PROBLEM DESCRIPTION: Exact copy required. Repeat the records, but keep the pictures out.

Segment Open

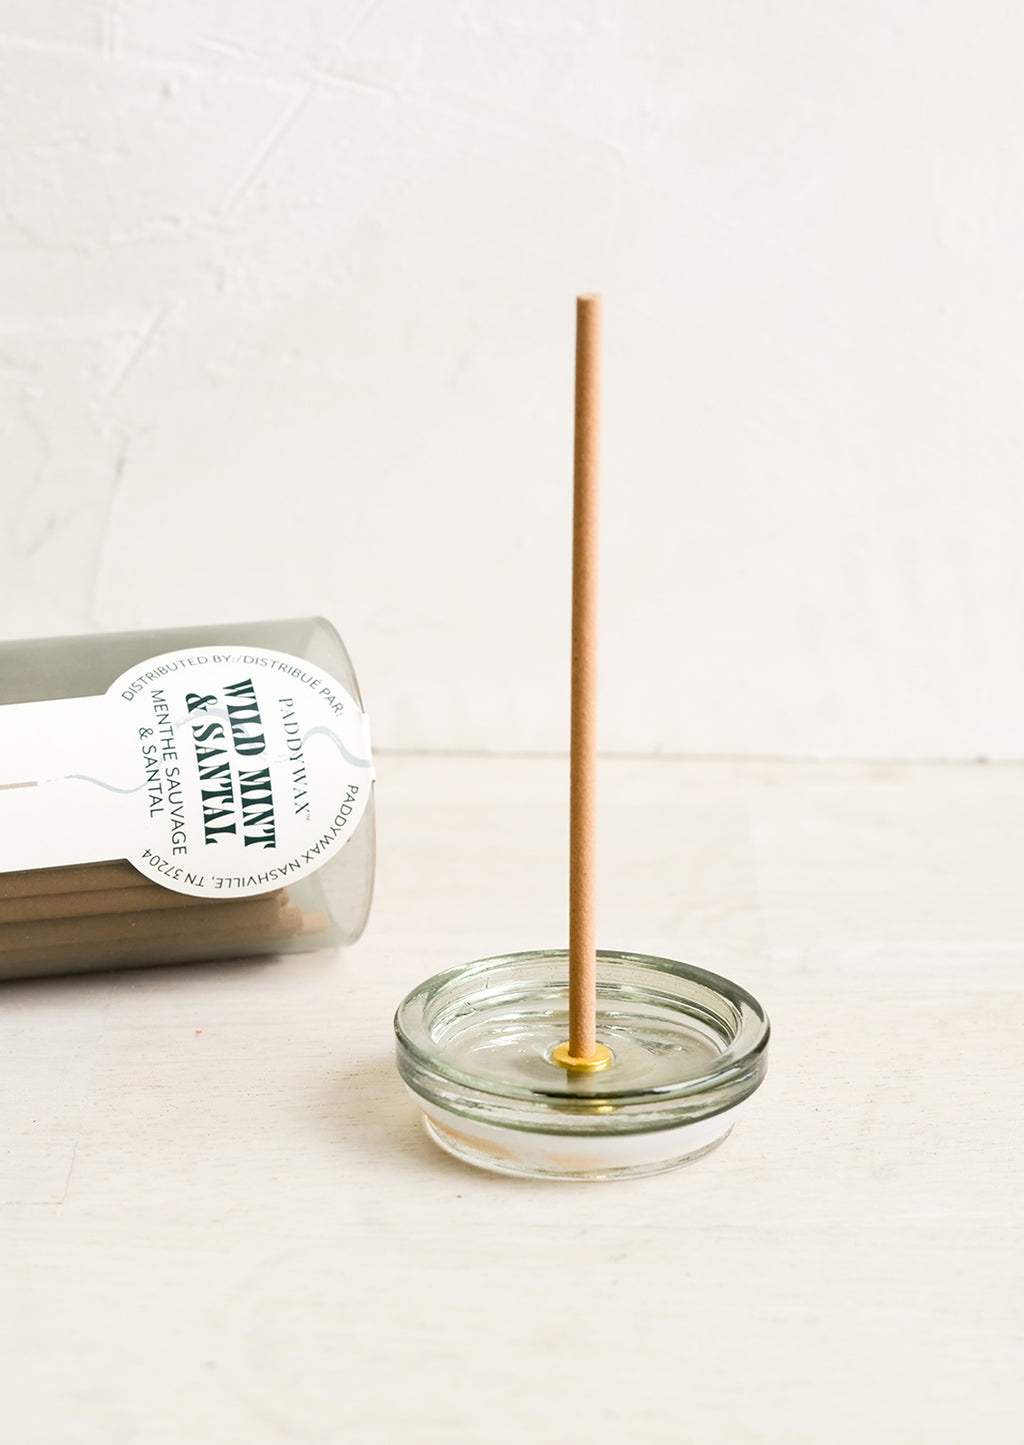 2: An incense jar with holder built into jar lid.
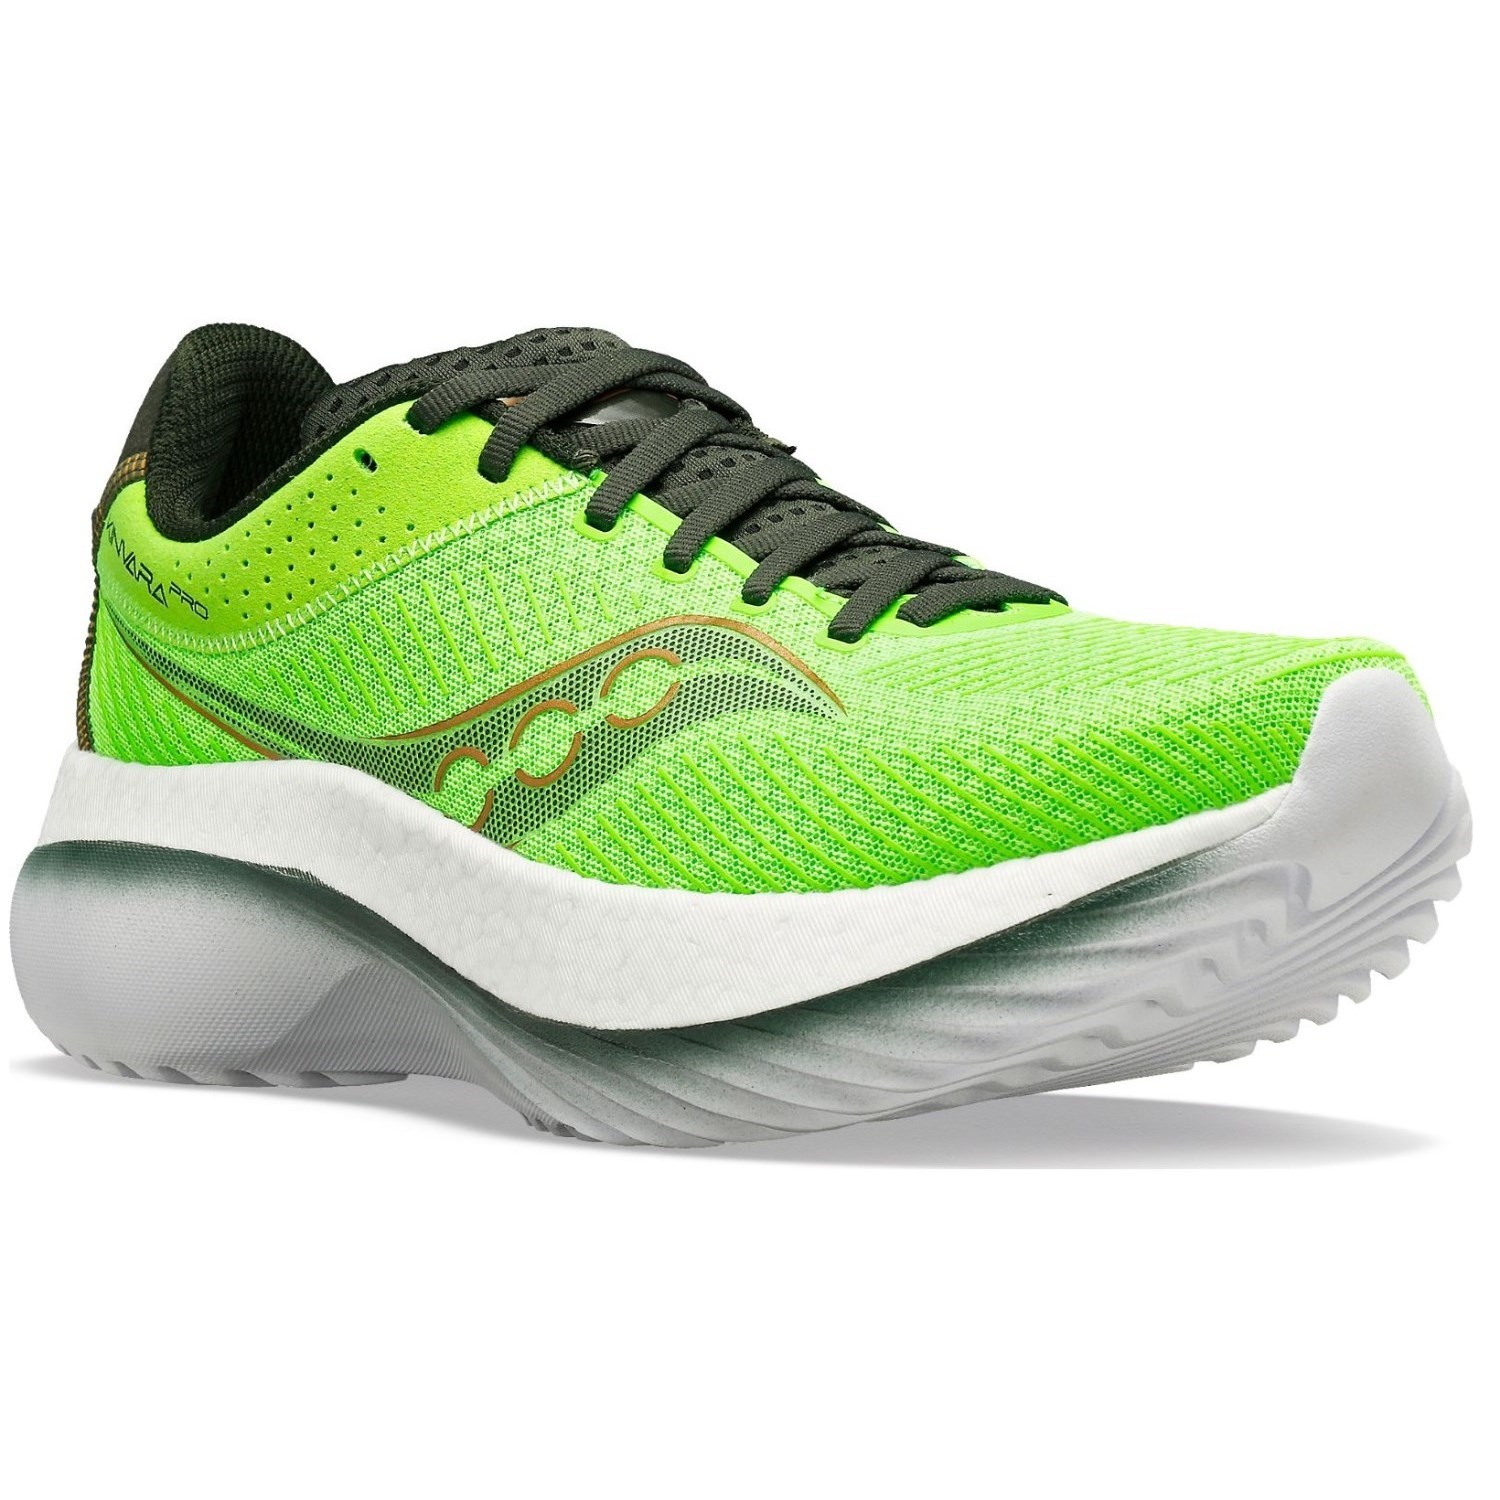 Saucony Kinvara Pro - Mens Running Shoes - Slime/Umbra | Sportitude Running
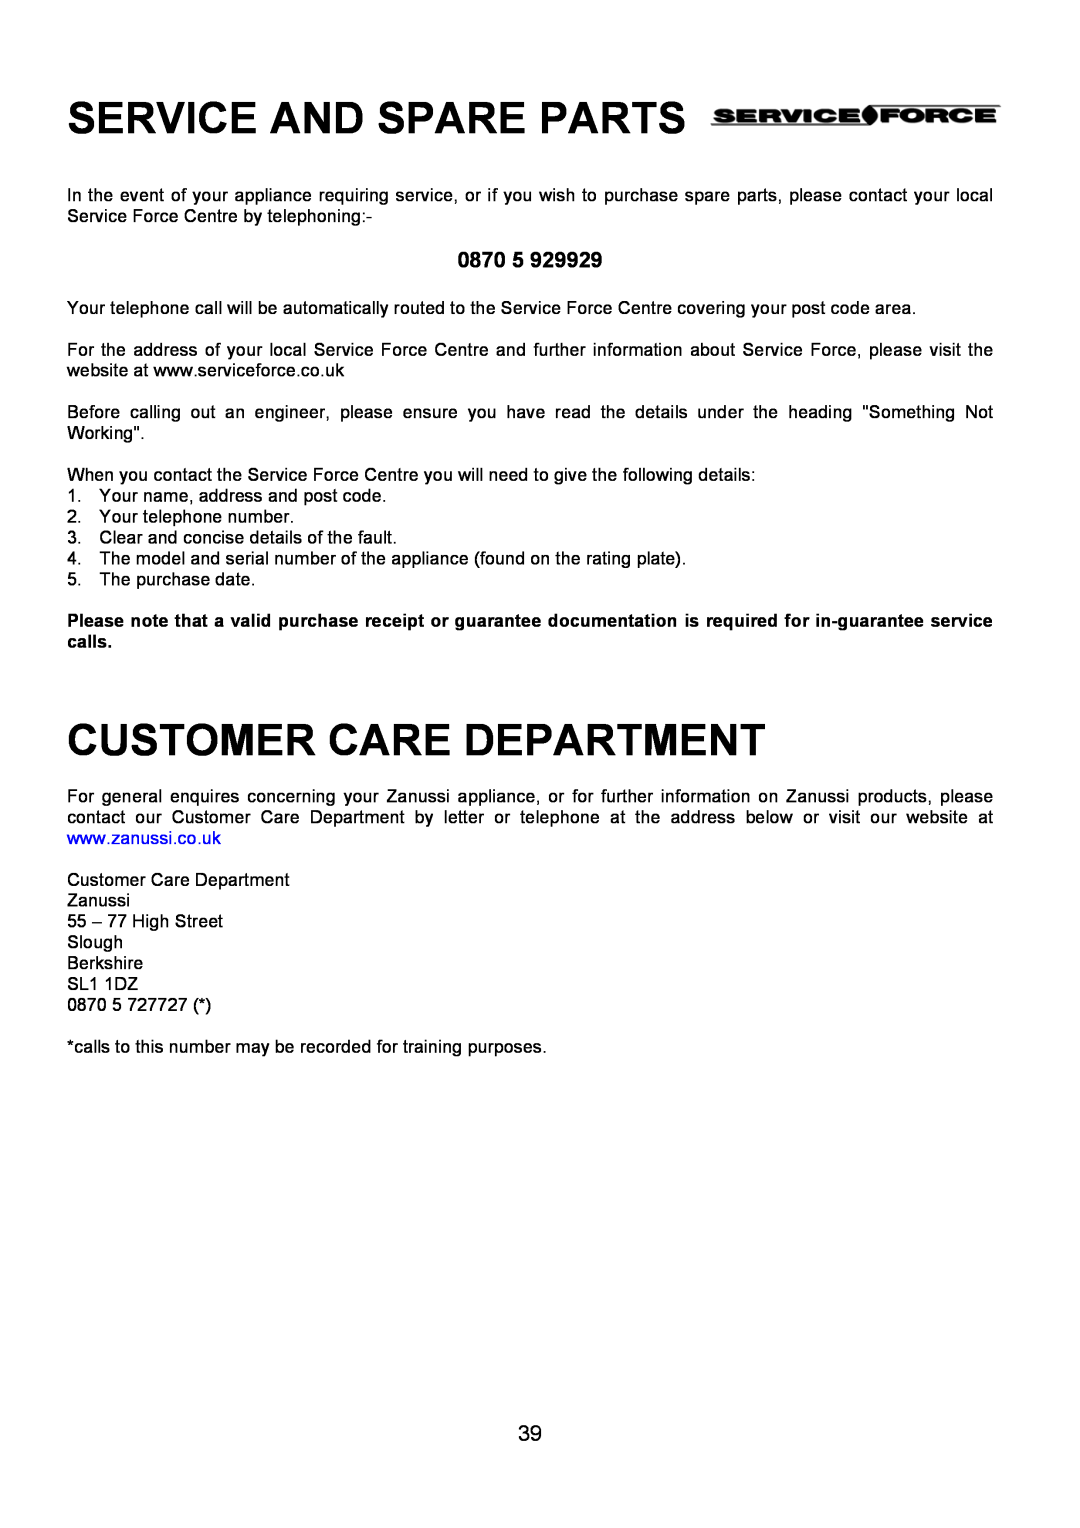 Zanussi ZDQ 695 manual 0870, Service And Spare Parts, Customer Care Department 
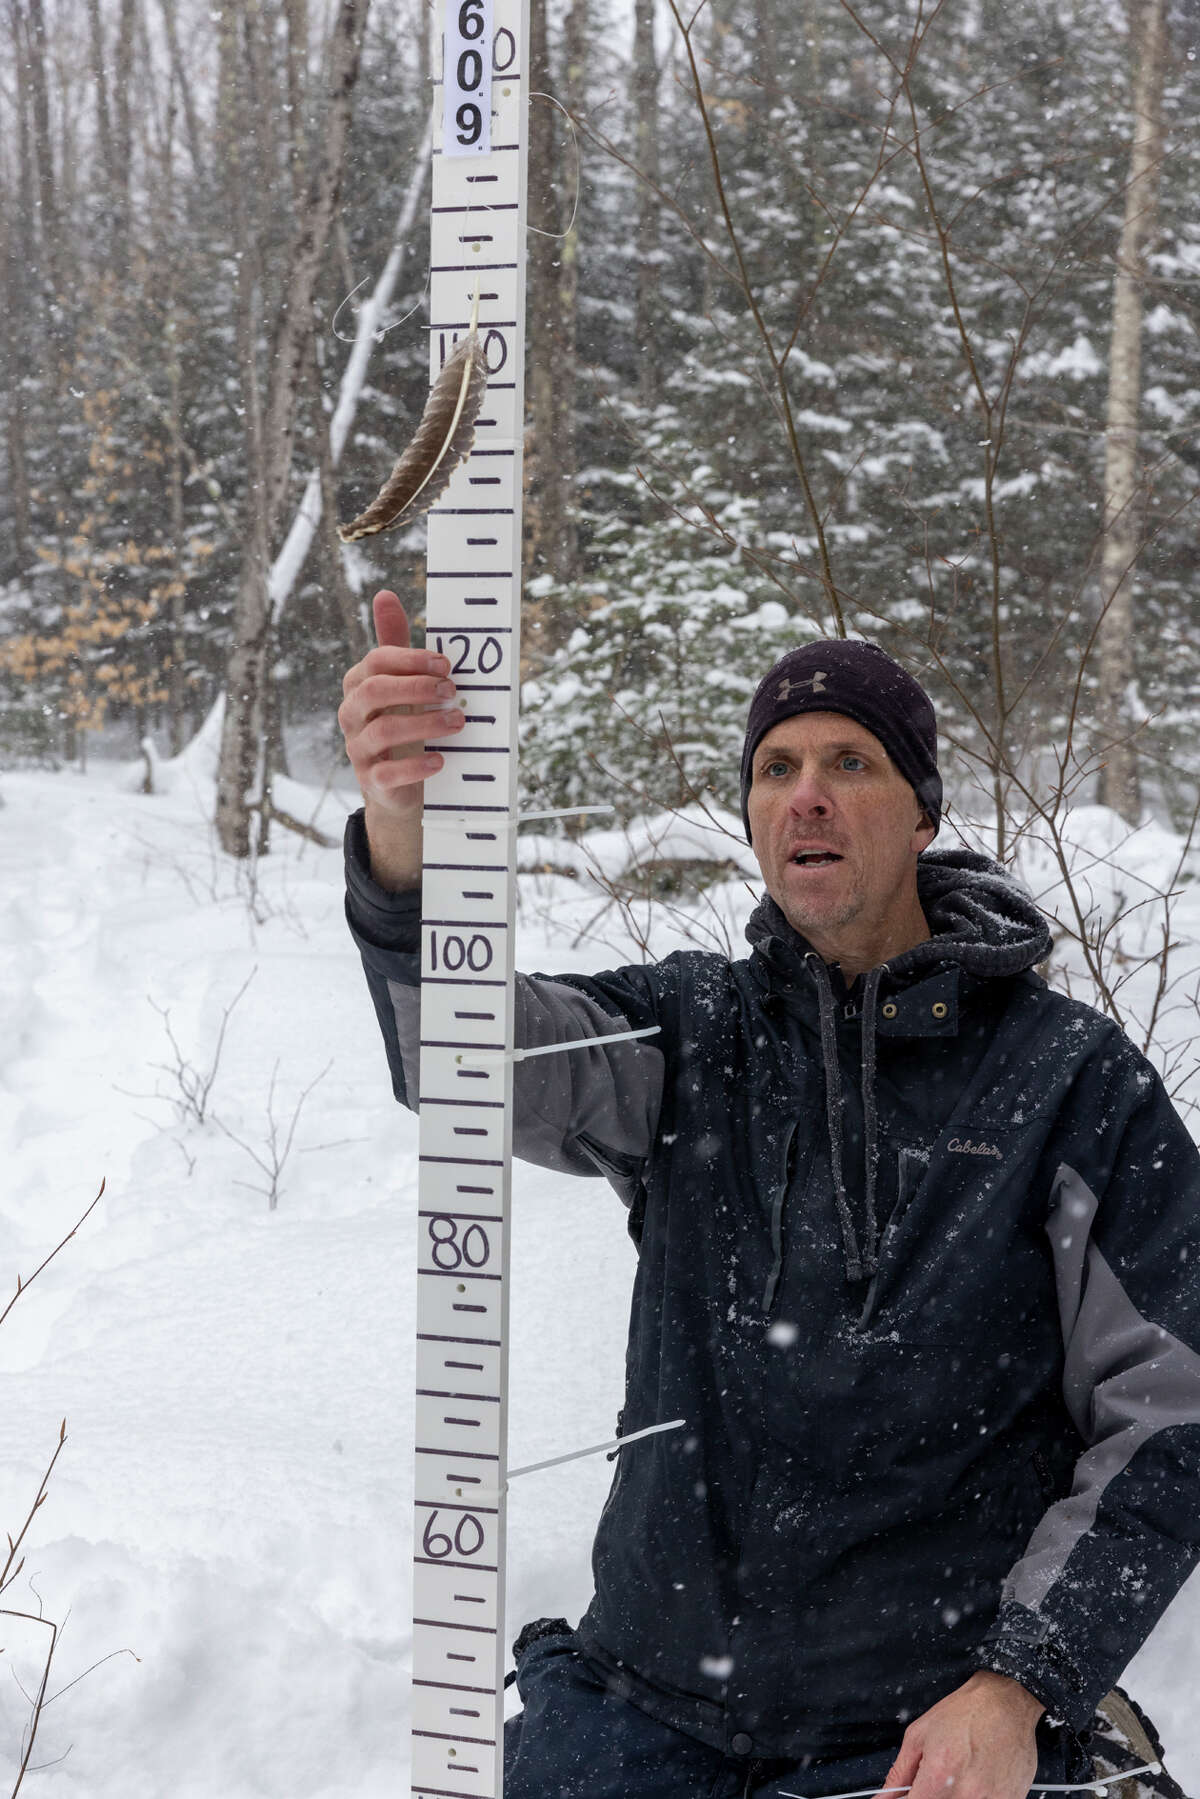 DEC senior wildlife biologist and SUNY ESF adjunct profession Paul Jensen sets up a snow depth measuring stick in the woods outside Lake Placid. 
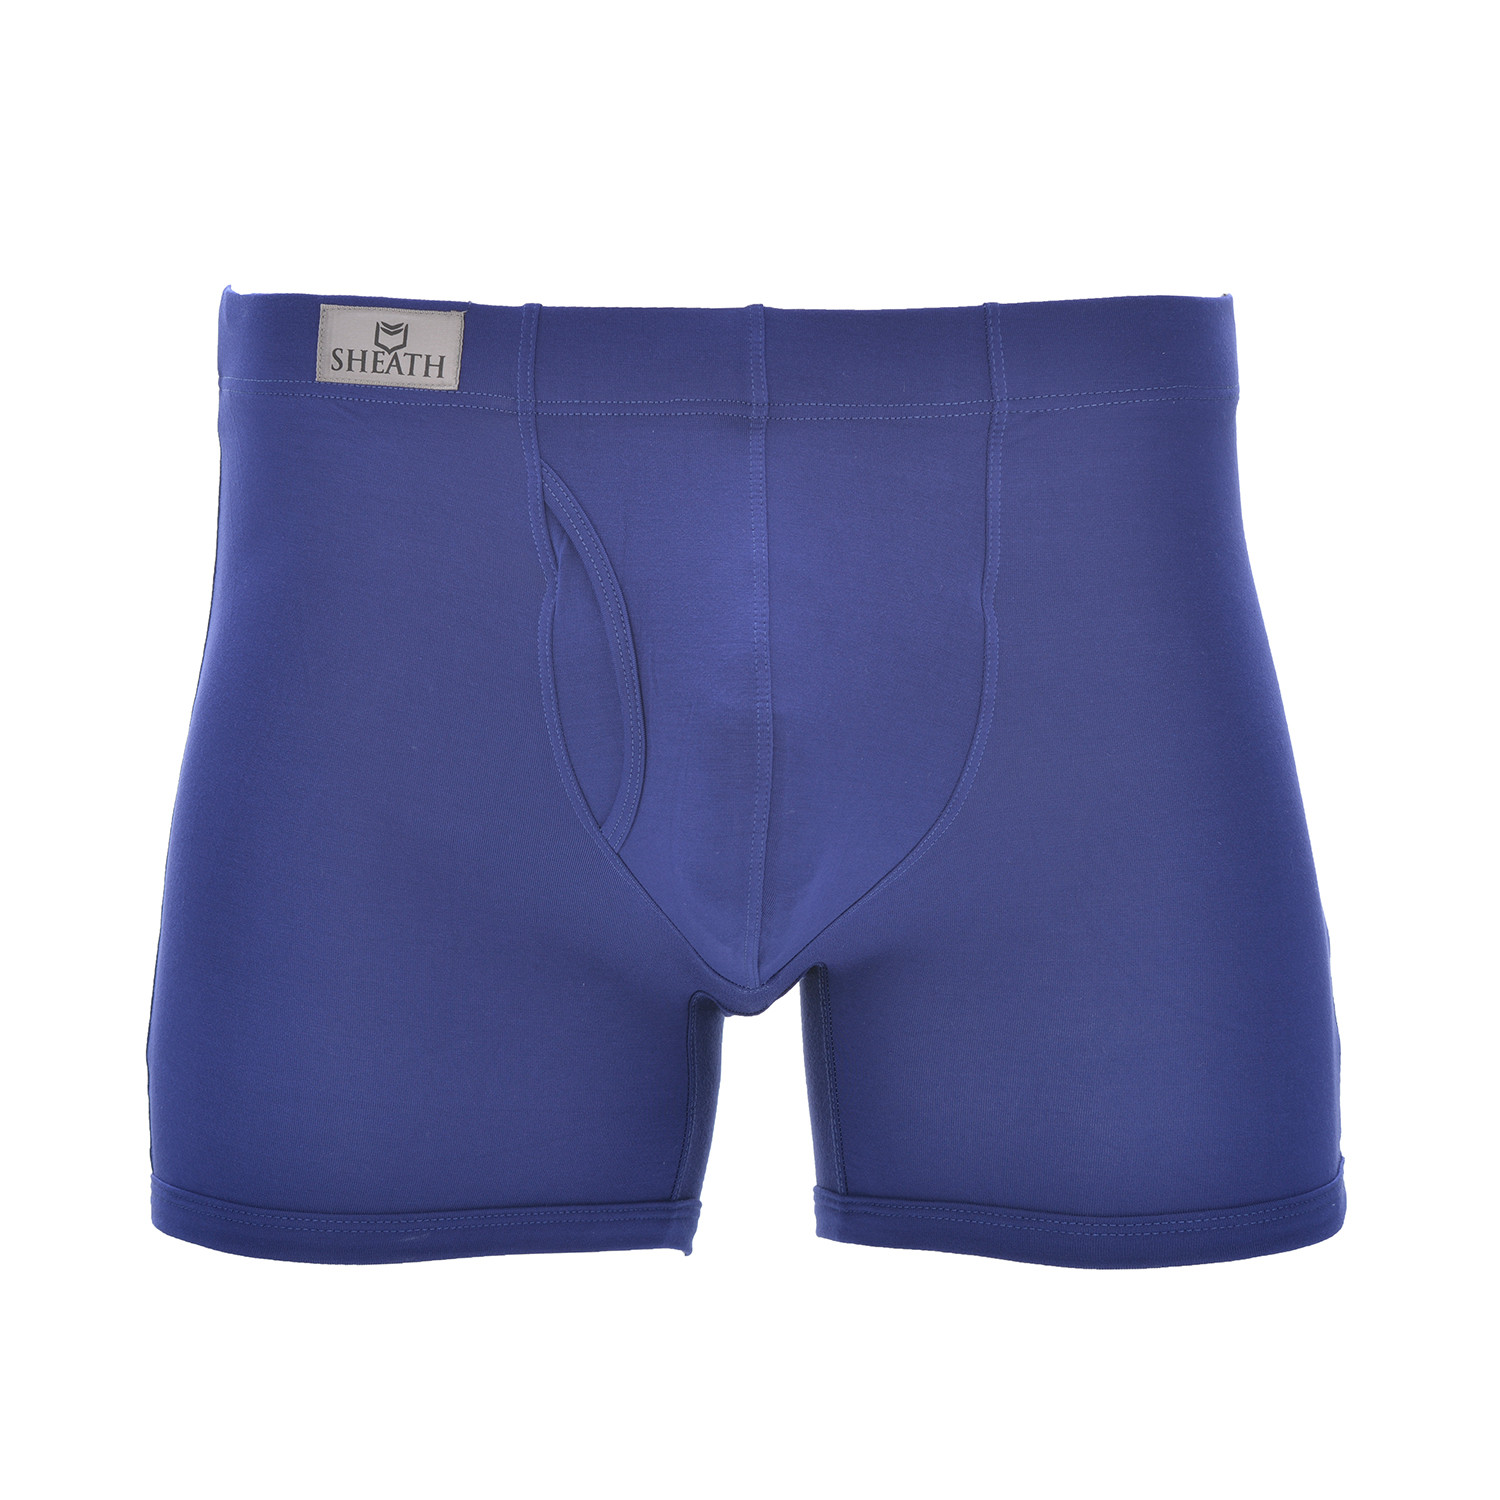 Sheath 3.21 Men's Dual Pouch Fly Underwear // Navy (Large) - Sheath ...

Segment Closed

ANSWER TO THIS PROBLEM:
 2: An incense jar with holder built into jar lid.
 Saucony Kinvara Pro - Mens Running Shoes - Slime/Umbra | Sportitude Running
 Zanussi ZDQ 695 manual 0870, Service And Spare Parts, Customer Care Department 
 DEC senior wildlife biologist and SUNY ESF adjunct profession Paul Jensen sets up a snow depth measuring stick in the woods outside Lake Placid. 
 Sheath 3.21 Men's Dual Pouch Fly Underwear // Navy (Large) - Sheath ...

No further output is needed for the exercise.